▸ INFORMATION PROVIDED:
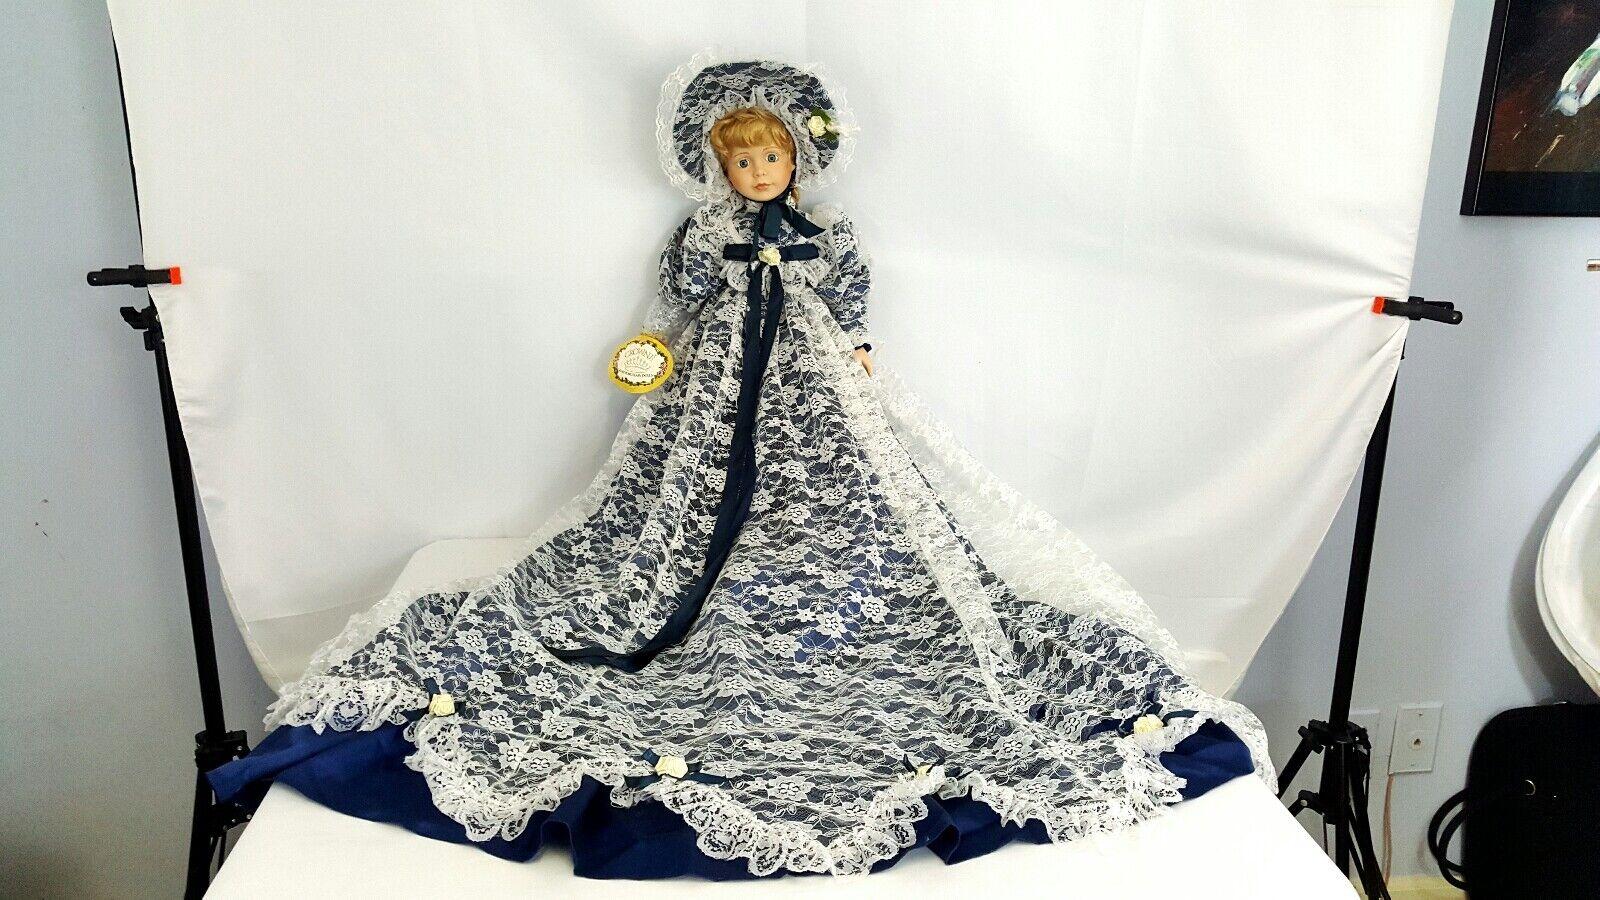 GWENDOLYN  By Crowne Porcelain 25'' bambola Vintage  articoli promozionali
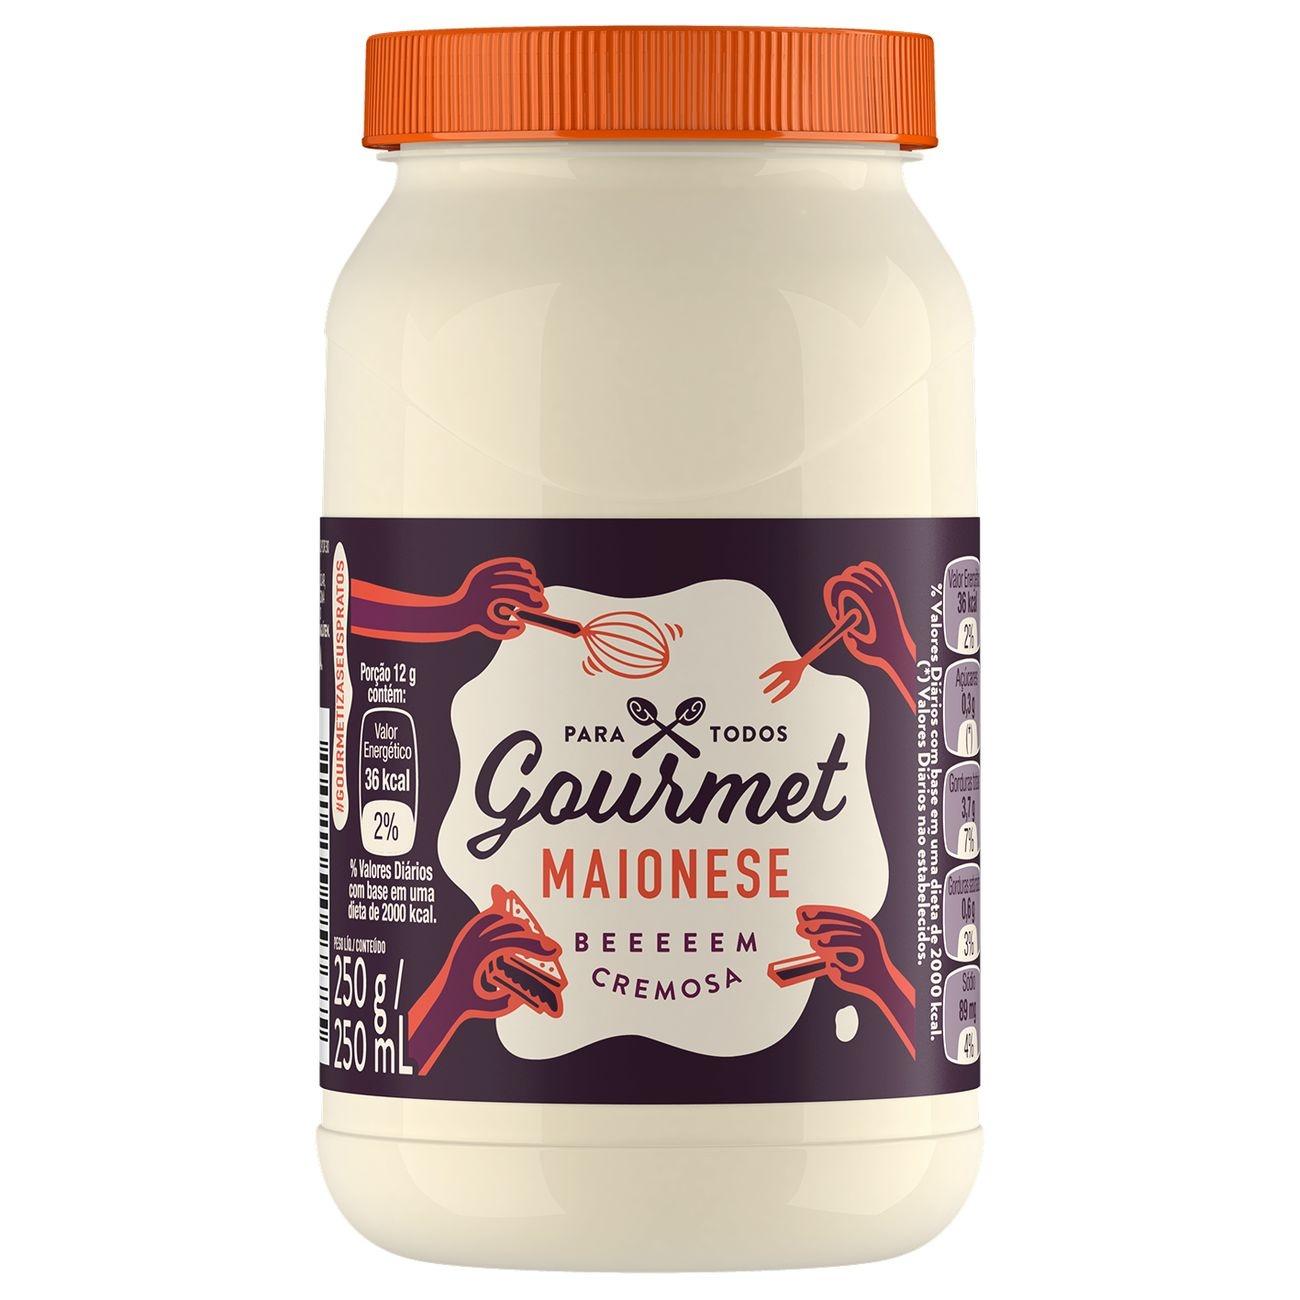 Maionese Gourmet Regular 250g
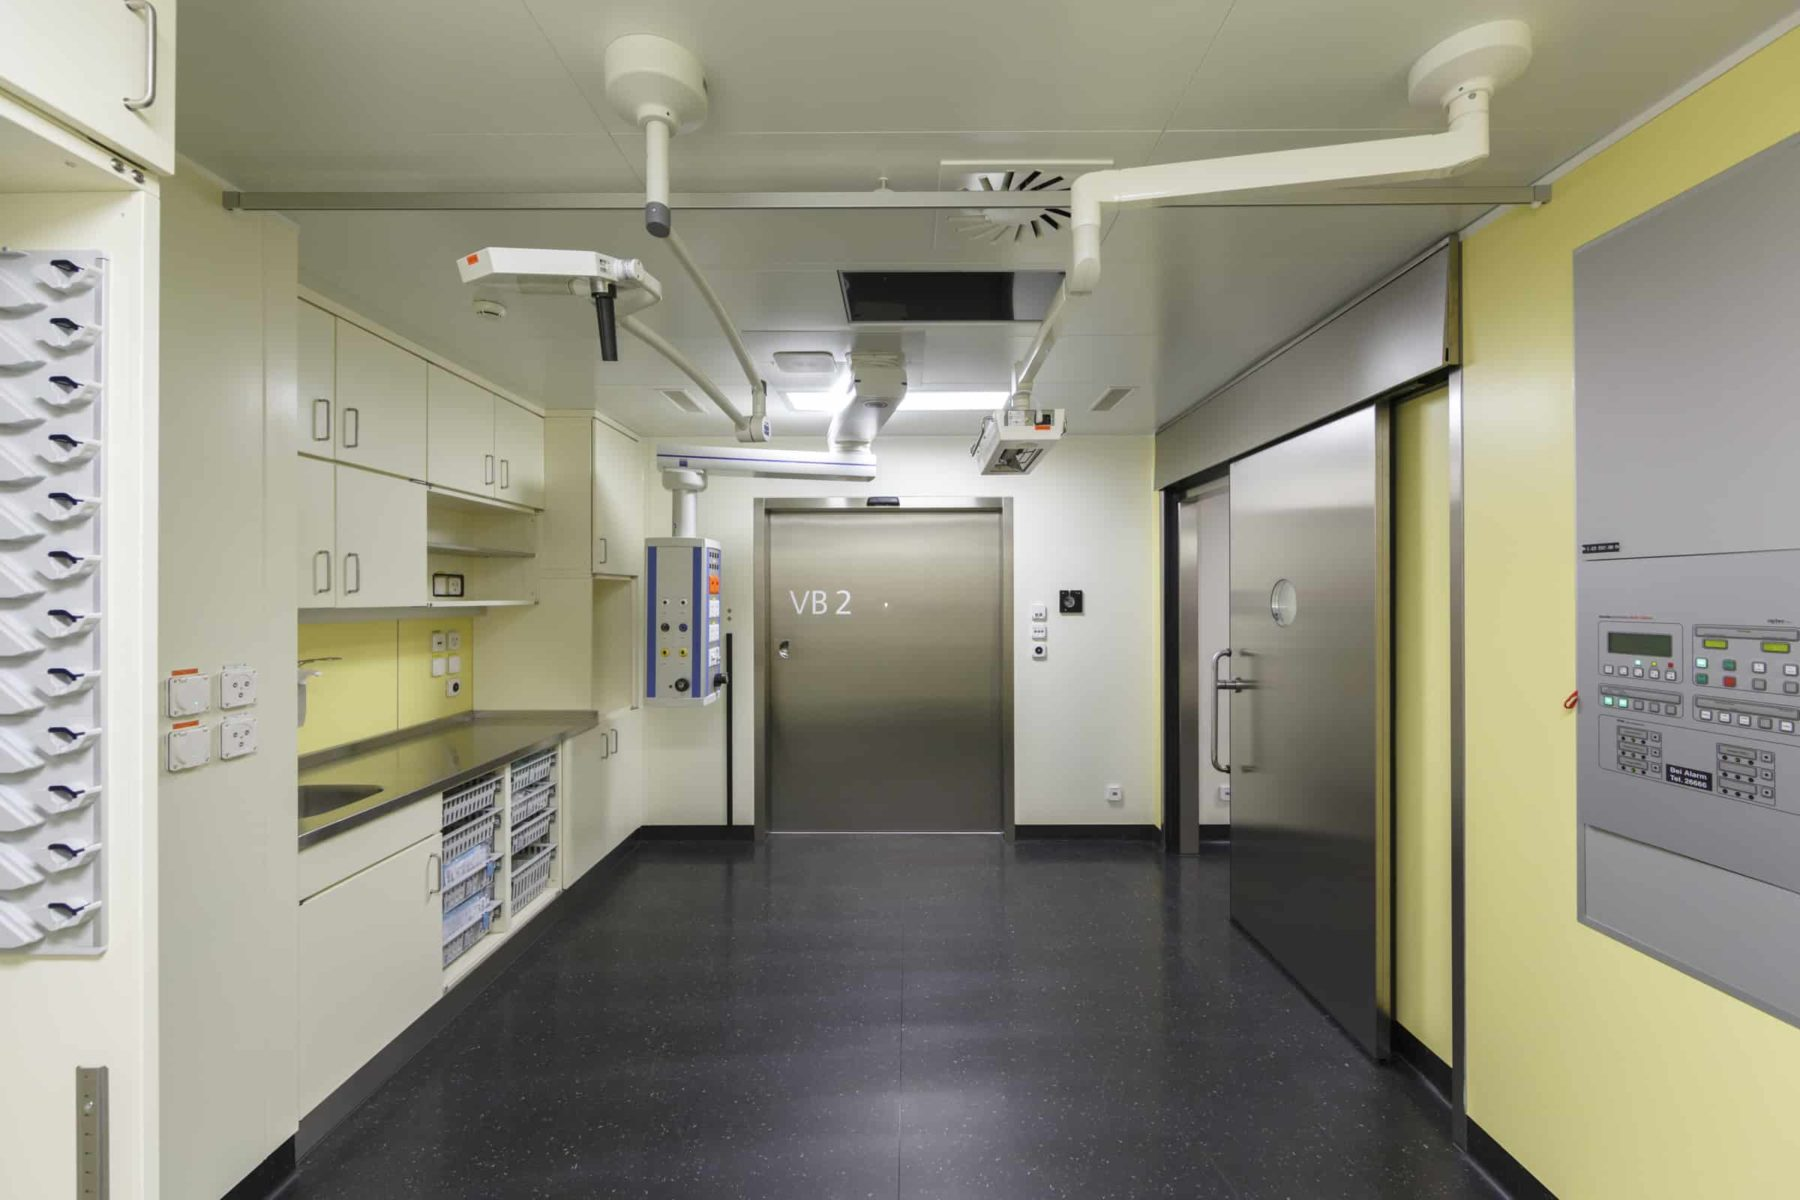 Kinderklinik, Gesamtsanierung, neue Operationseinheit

==

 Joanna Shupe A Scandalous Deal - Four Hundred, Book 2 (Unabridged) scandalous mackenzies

▸ WORK INSTRUCTION:
If a picture sits between the line containing "By Crowne Porcelain" and the line containing "Kinderklinik, Gesamtsanierung, neue", leave it out, and return the lines of that range above exactly, both ends included.

▸ RESULT BELOW:
 GWENDOLYN  By Crowne Porcelain 25'' bambola Vintage  articoli promozionali
 Maionese Gourmet Regular 250g
 Kinderklinik, Gesamtsanierung, neue Operationseinheit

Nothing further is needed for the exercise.